Otorakoboの代表・奥田が語る、“色”への想いと未来

ゲーム業界で注目を集める、インディーゲーム。その中でも独自の世界観で新しい挑戦を続けるOtorakobo Inc.の代表、奥田がインタビューを受けました。「色」をテーマにした作品づくり、そしてインディーゲームの開発に懸ける思いをお伝えします。

インタビュアー情報:岩渕ゆり。埼玉県出身・アキバ仕込み・岩手県在住のライター。

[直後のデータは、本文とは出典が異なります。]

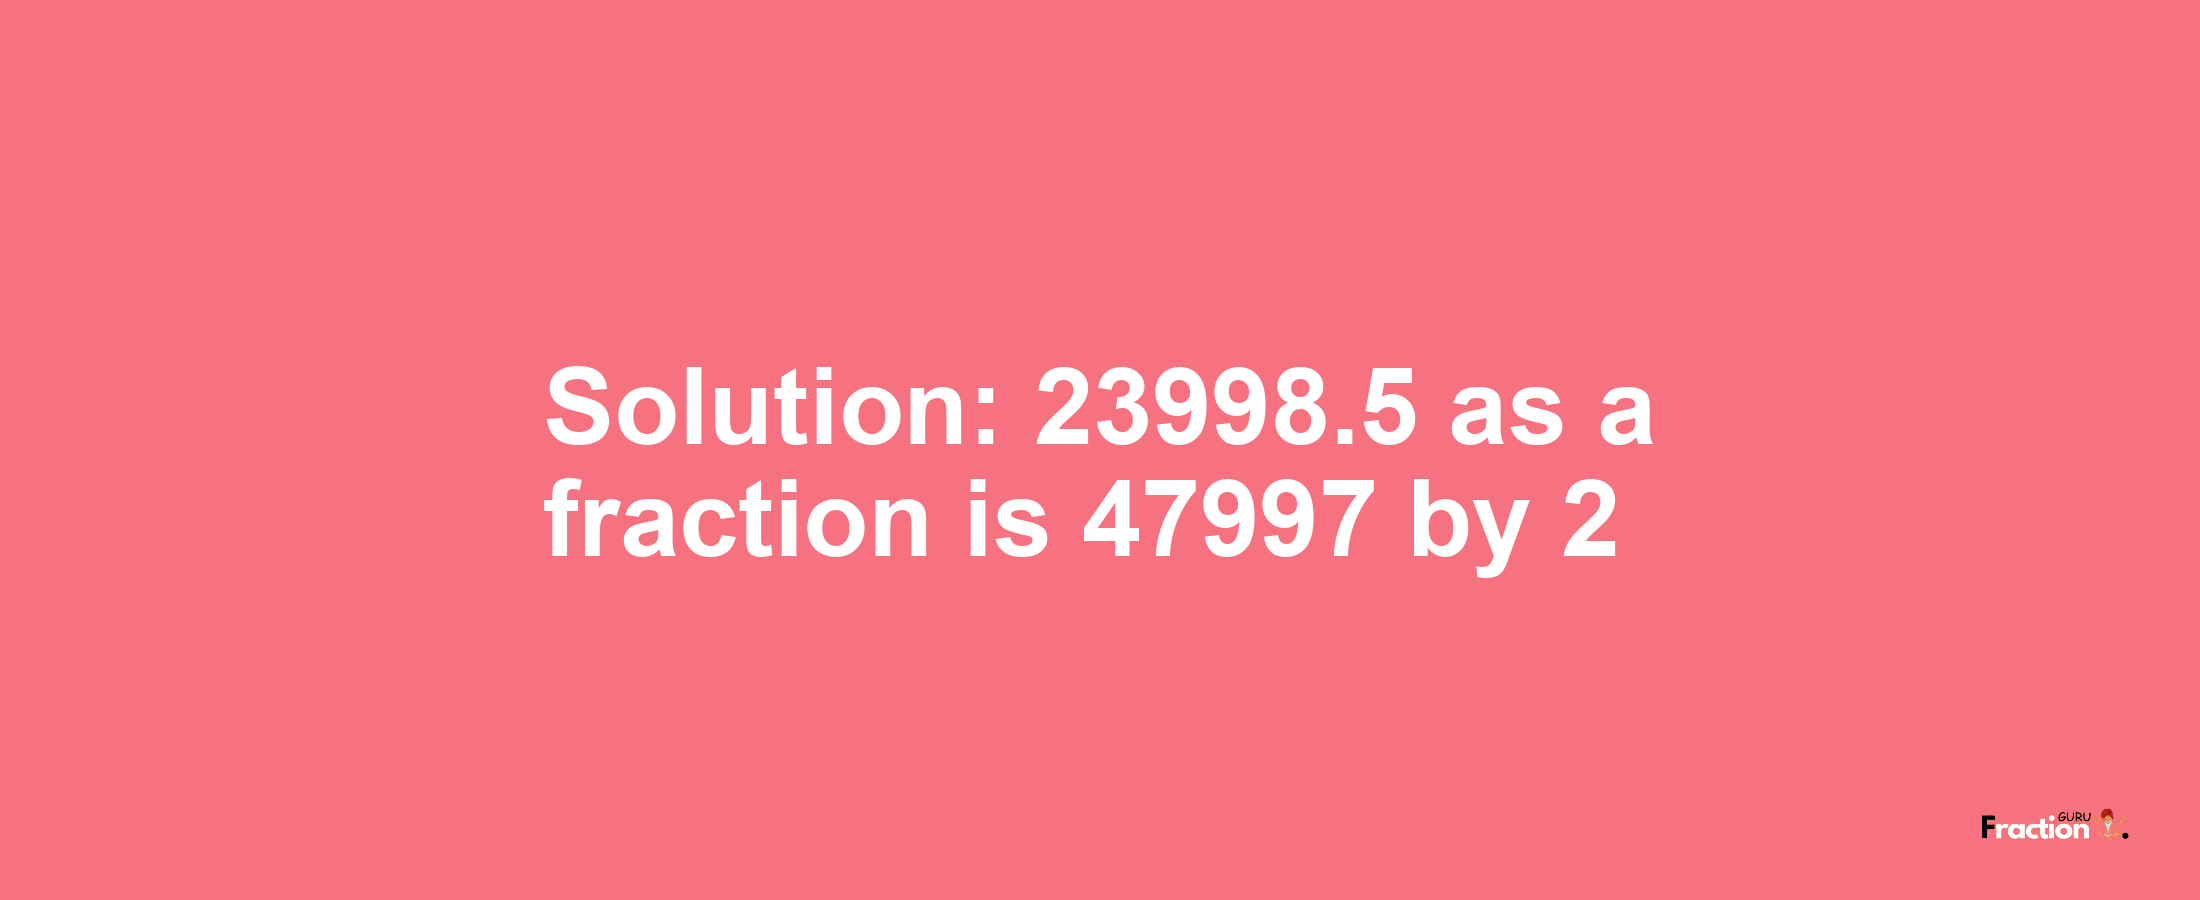 Solution:23998.5 as a fraction is 47997/2

ゲームや漫画、アニメ、ニコニコ動画好きが高じて長らくアキバ勤めをしていた、古き良きオタク。


「できない」から「それなら自分でやろう」へ|セガ時代から続く挑戦の軌跡

——Otorakoboを設立したきっかけを教えていただけますか?

奥田:元々、株式会社セガにゲームクリエイターとして在籍していました。当時はゲームクリエイターながらコードを書く機会がどうしても限られており、それが思いの外ストレスになっていました。

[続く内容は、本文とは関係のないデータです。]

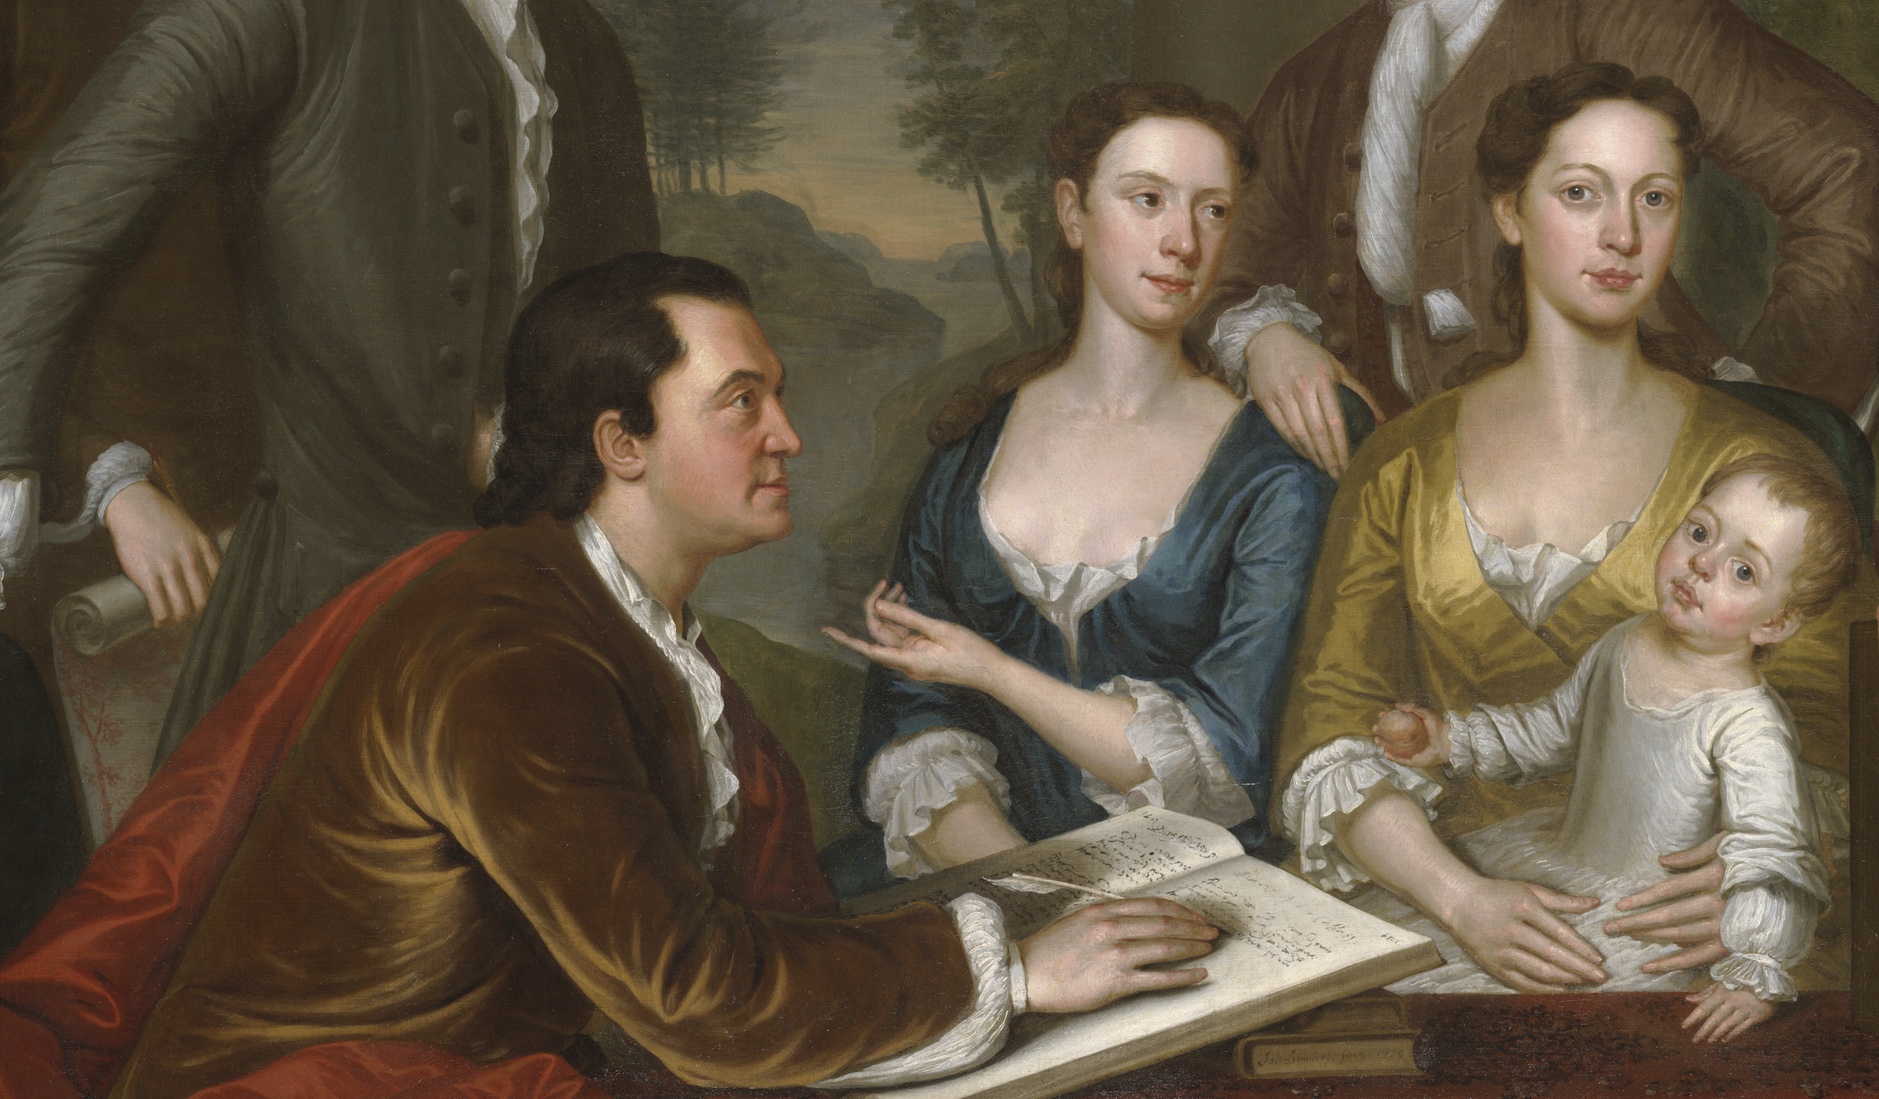 John Wainwright, Anne Foster and Miss Handcock (detail), John Smibert, The Bermuda Group, 1728, reworked 1739, oil on canvas, 176.5 x 236.2 cm (Yale University Art Gallery, New Haven)

本来セガでは、副業は許可されていなかったのですが、当時はゲームクリエイターとしての心の葛藤が抑えきれず。業務外の時間を活用して個人での開発活動を始めたのが、Otorakoboの発端です。

——独立を決意されたのはいつ頃だったのでしょうか?

奥田:2015年くらいから個人での活動を始めて、2018年に1作目『白の少女』、2020年9月に2作目『虹のユグドラシル』をリリースしました。『虹のユグドラシル』がモバイルの有料ダウンロードランキングで2位を記録したことで、インディーゲームへの手応えを感じました。法人化の決意を固め、虹のユグドラシルをリリースした同年となる2020年11月に、会社設立という流れです。

Rainbow Ygg 2nd

ただ、法人化したタイミングでは、まだセガに所属していました。セガの仕事をやりつつ、並行して3作目の制作を進めようと思っていたのですが、2022年4月には『虹のユグドラシル』のNintendo Switch版をリリースして、これにも手応えを感じたこと、さらに「インディーゲーム制作1本にフルコミットしたほうが良い作品が作れる」との思いが強くなったことから、完全な独立を決めました。

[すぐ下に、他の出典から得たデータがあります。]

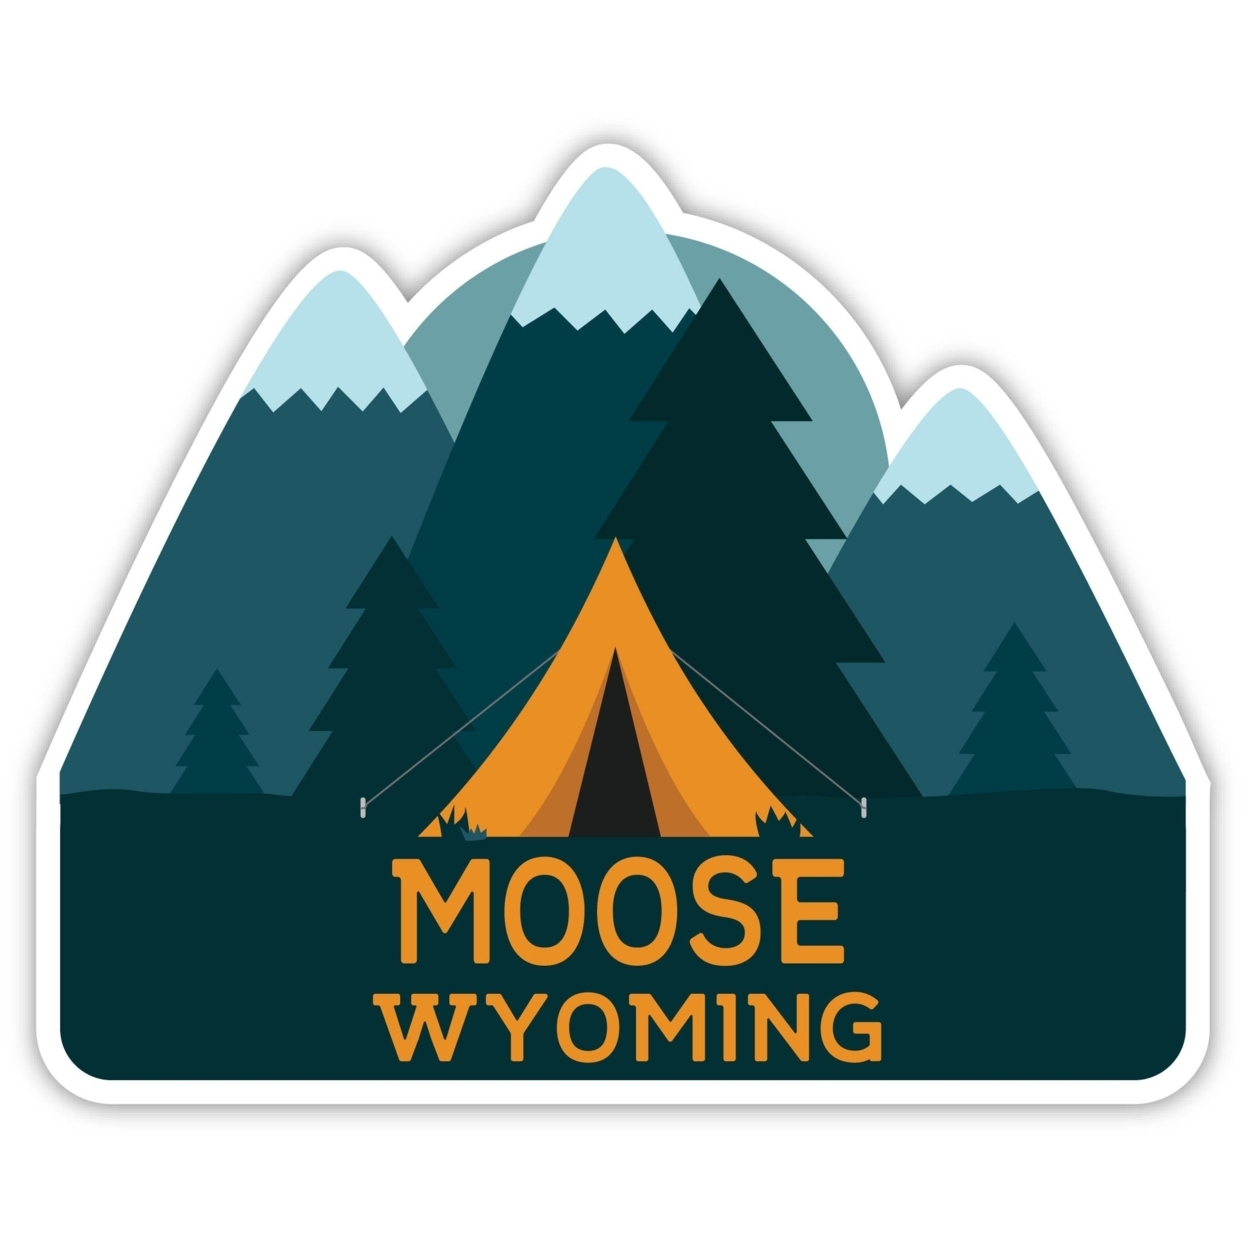 Moose Wyoming Souvenir Decorative Stickers (Choose Theme And Size) - Single Unit, 4-Inch, Tent

——インディーゲーム市場はどんどん拡大していますが、独立する際も追い風が吹いていると感じていたのでしょうか?

奥田:独立当初は追い風が吹いているような感覚はなく、純粋に「全力でコードをかける。ユーザーに届けたい作品を届けられる。」の一心で活動をしていました。

そんな中で「時代背景的にも追い風が吹いているよね」と声をかけられることがあり、インディーゲームそのものがより一層の注目を集めている環境があることを感じたんです。

ですので、はじめから追い風を感じて独立を決めたわけではありませんでした。「あれ、もしかしたら時代に乗ってるんじゃ……?」という部分は、独立後に感じたところです(笑)

感情を色で紡ぐ|独自の表現手法が生まれた理由

——Otorakoboでは、どのような作品を作り、届けたいと思っているのですか。

奥田:「見たこともない、新しい作品を届けたい」という信念を持ち、インディーゲームを制作しています。

というのも、私はセガがリリースした「電脳戦機バーチャロン」というタイトルが非常に好きで、セガに入社する際はバーチャロンを目でコピーし自作することを面接での切り口にして、入社を果たしました。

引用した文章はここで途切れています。